Exercise description: From the first line to the last, copy the listing exactly and omit the pictures.

Information shown:
####

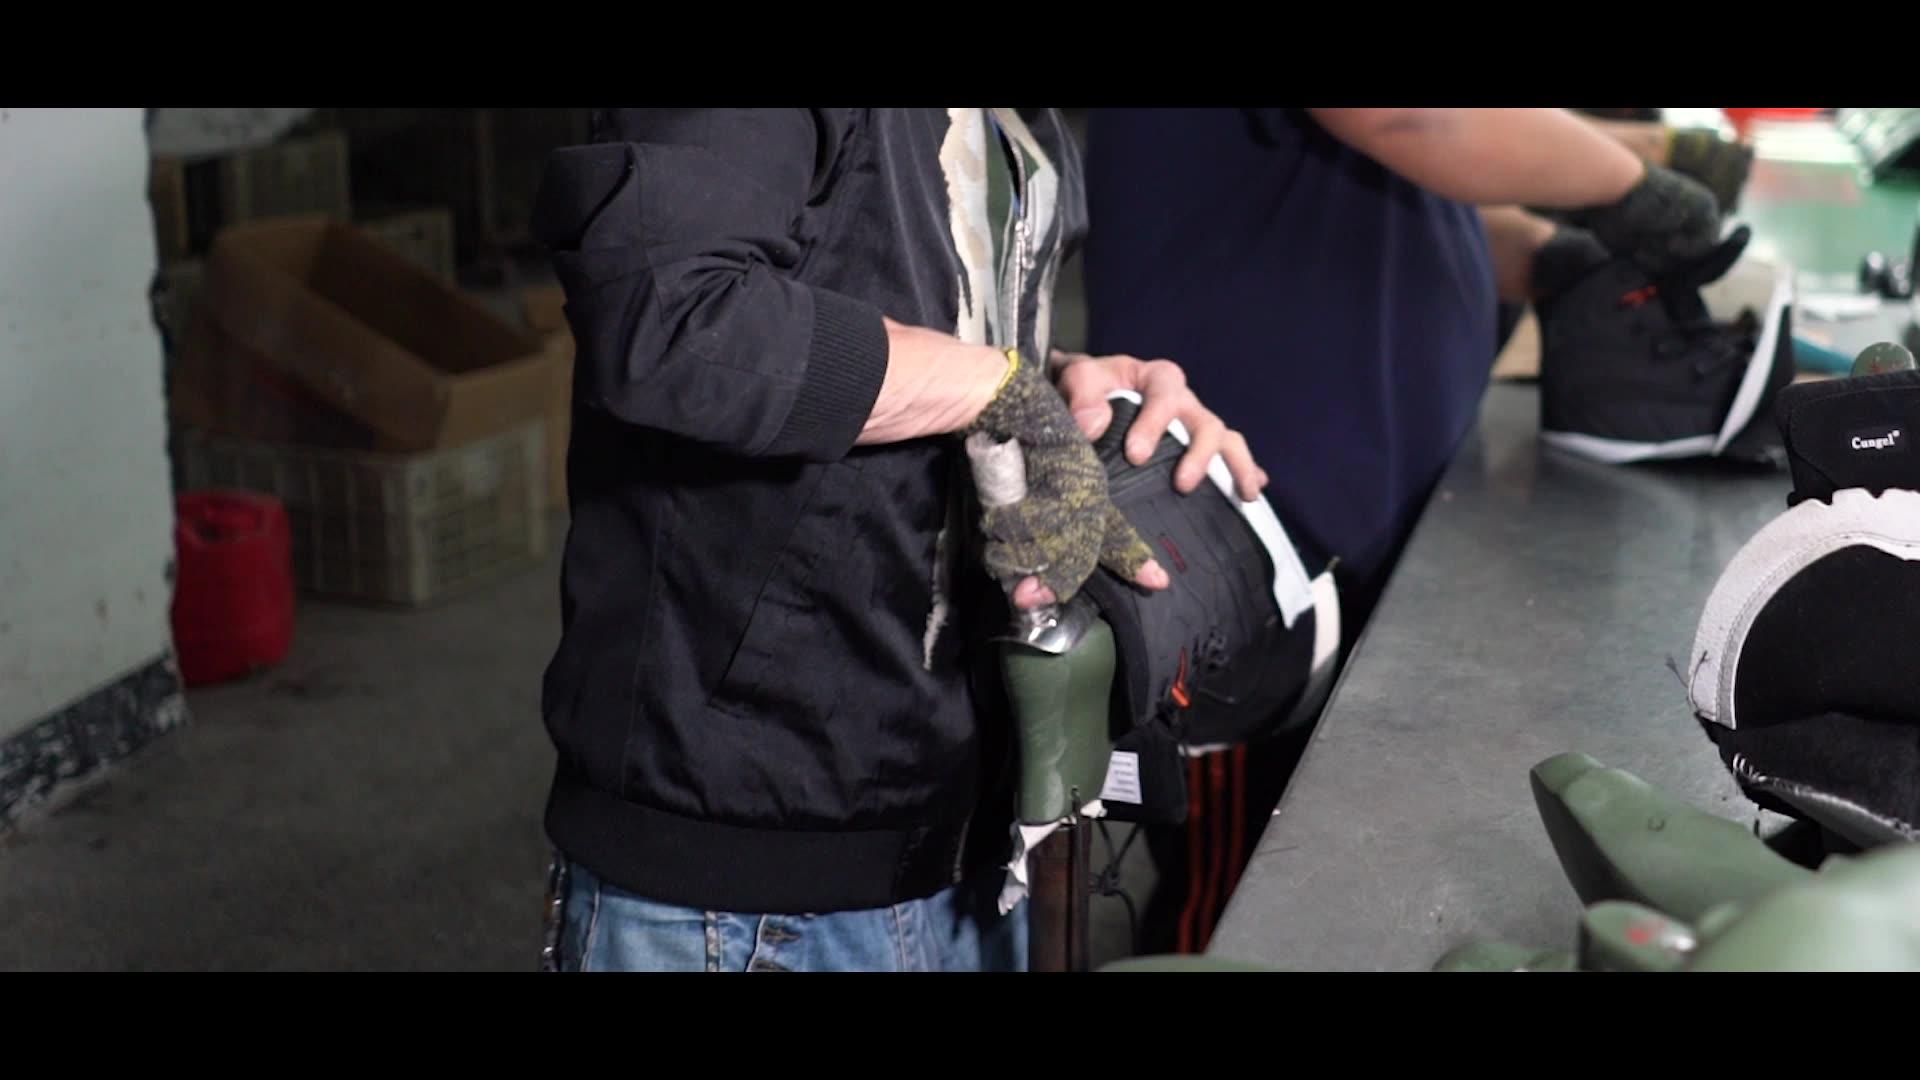 Sepatu Bot Militer Taktis Pria, Sepatu Bot Kerja Mendaki Gunung 2019, Sneaker Tahan Air dengan Harga Pabrik Musim Dingin
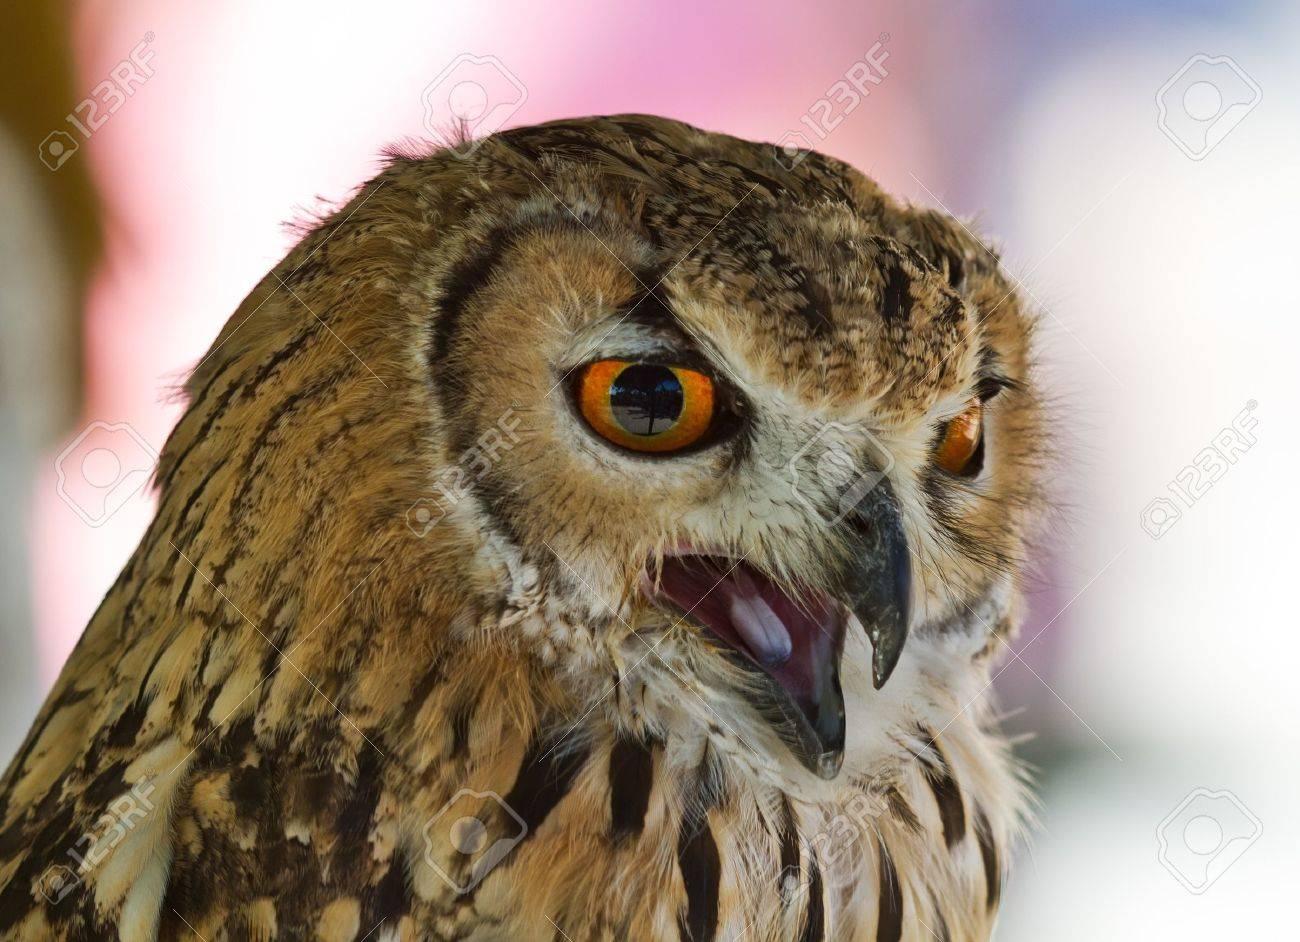 El Búho Es Un Ave Grande Y Poderoso, Más Pequeño Que El águila Pero ...
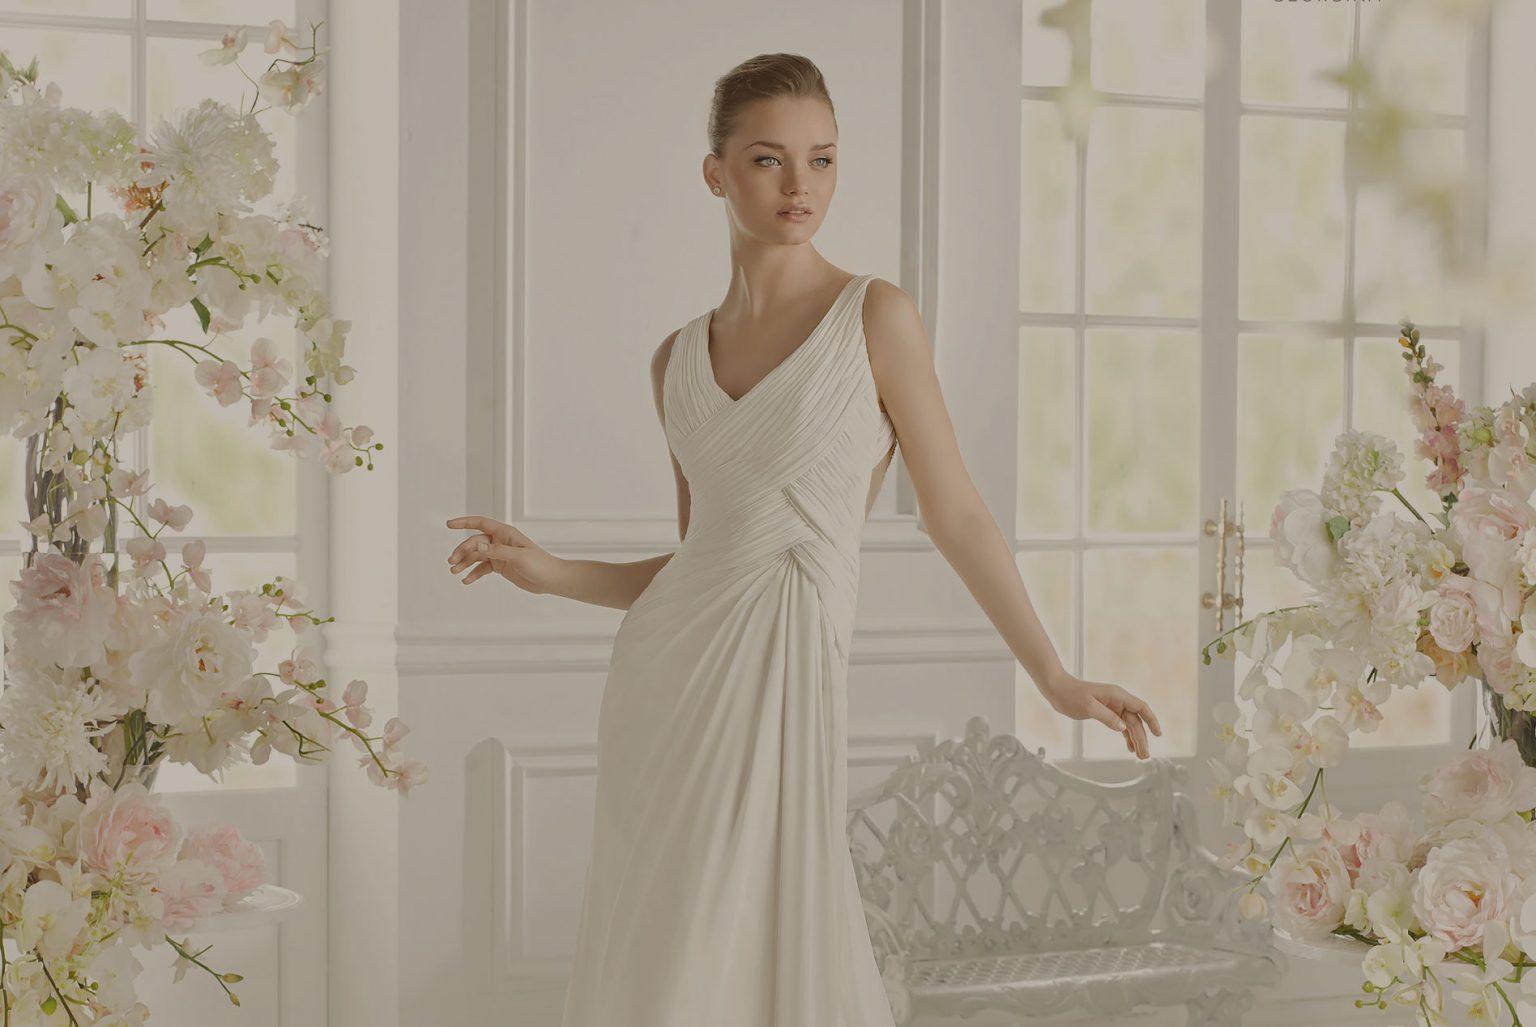 Купить свадебные платья в свадебном торговом центре в Москве

####

Problem solution:
 Sepatu Bot Militer Taktis Pria, Sepatu Bot Kerja Mendaki Gunung 2019, Sneaker Tahan Air dengan Harga Pabrik Musim Dingin
 El Búho Es Un Ave Grande Y Poderoso, Más Pequeño Que El águila Pero ...
 Купить свадебные платья в свадебном торговом центре в Москве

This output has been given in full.